Toronto's west end has a new nuclear neighbour. General Electric Hitachi announced August 19 that it plans to sell its Canadian nuclear operations, including its uranium pellet plant on Lansdowne, to BWXT Canada Ltd., a subsidiary of Lynchburg, Virginia's BWX Technologies, which operates one of only two facilities in the U.S. licensed to process highly enriched uranium.

BWX Technologies is the prime contractor in charge of the U.S. Department of Energy's 13,000-hectare nuclear weapons testing laboratory in Los Alamos, New Mexico.

Among the "recent accomplishments" listed on the company's website: the manufacturing of the grapefruit-size plutonium cores used in the W88 thermonuclear warhead designed for the Trident II submarine-launched ballistic missiles.

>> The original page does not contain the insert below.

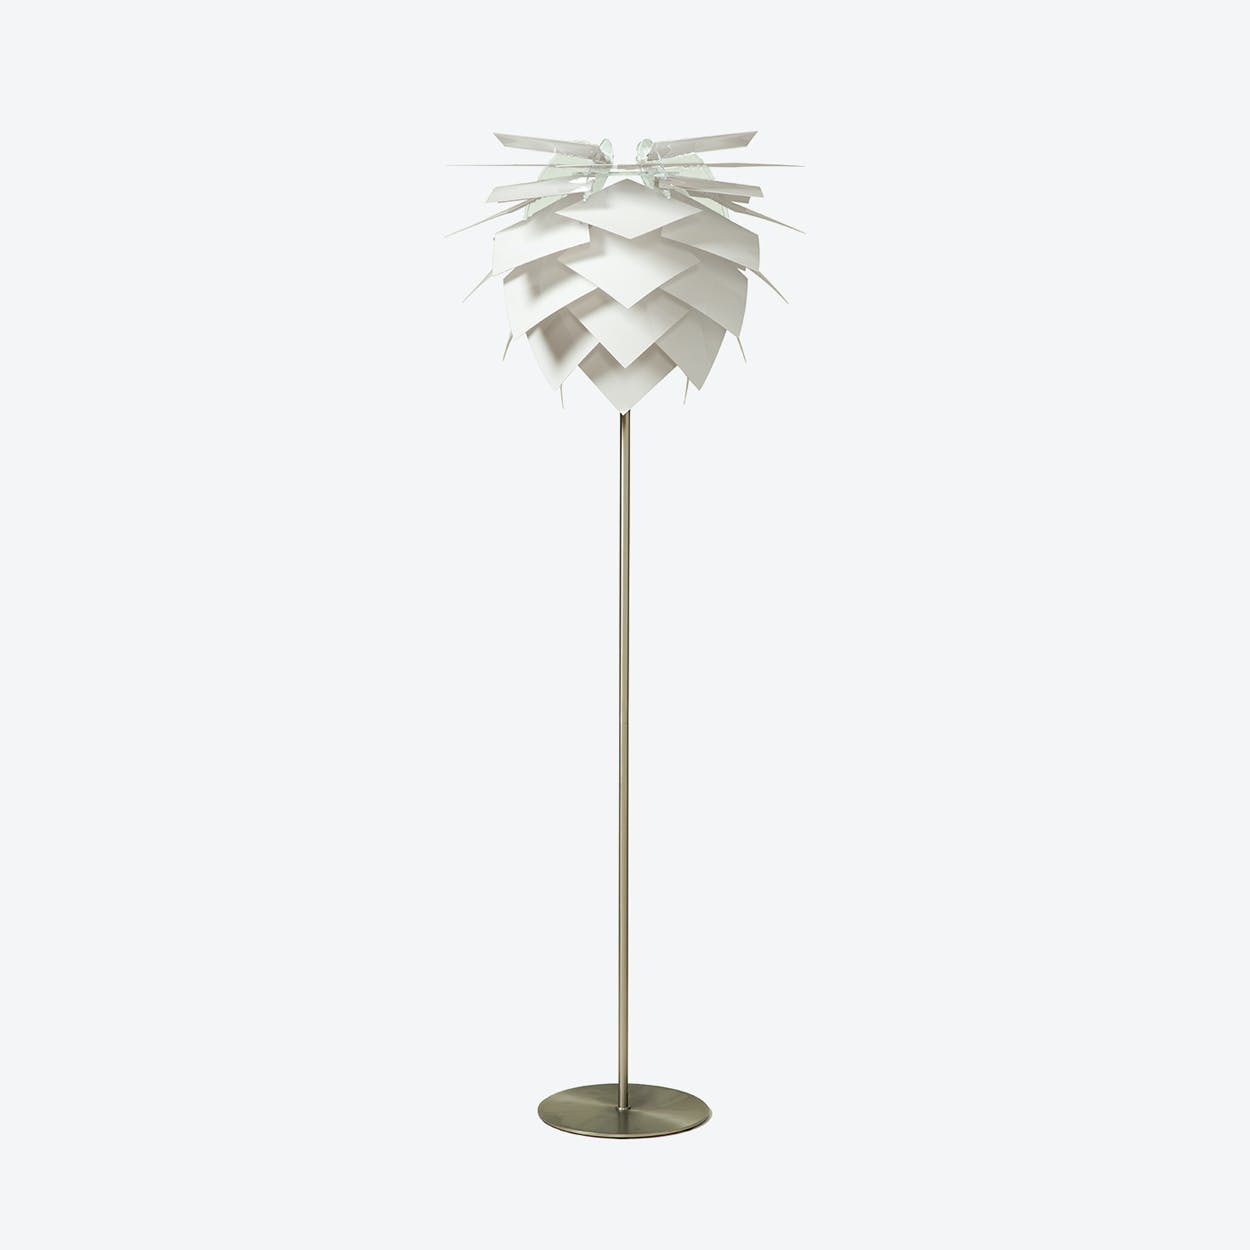 Medium PineApple White Floor Lamp in Matte Satin Finish

If BWXT acquires the necessary licence and regulatory approval from the federal government, it will take over GE Hitachi's operations and 350 employees at three plants in Toronto, Peterborough and Arnprior. BWXT's Cambridge plant was recently awarded a $103 million contract to supply the first eight of 32 steam generators for the refurbishment of the Bruce Nuclear Generating Station in Tiverton.

The GE Hitachi plant at 1025 Lansdowne, north of Dupont, processes 53 per cent of all the nuclear fuel used in Canada's nuclear reactors. Drums of yellowcake uranium dioxide powder are trucked into Toronto and transformed into ceramic pellets for use in fuel rods at the Pickering and Darlington reactors.


I've blogged at length about my support for the plant. I see nothing in the article to justify a change of opinion.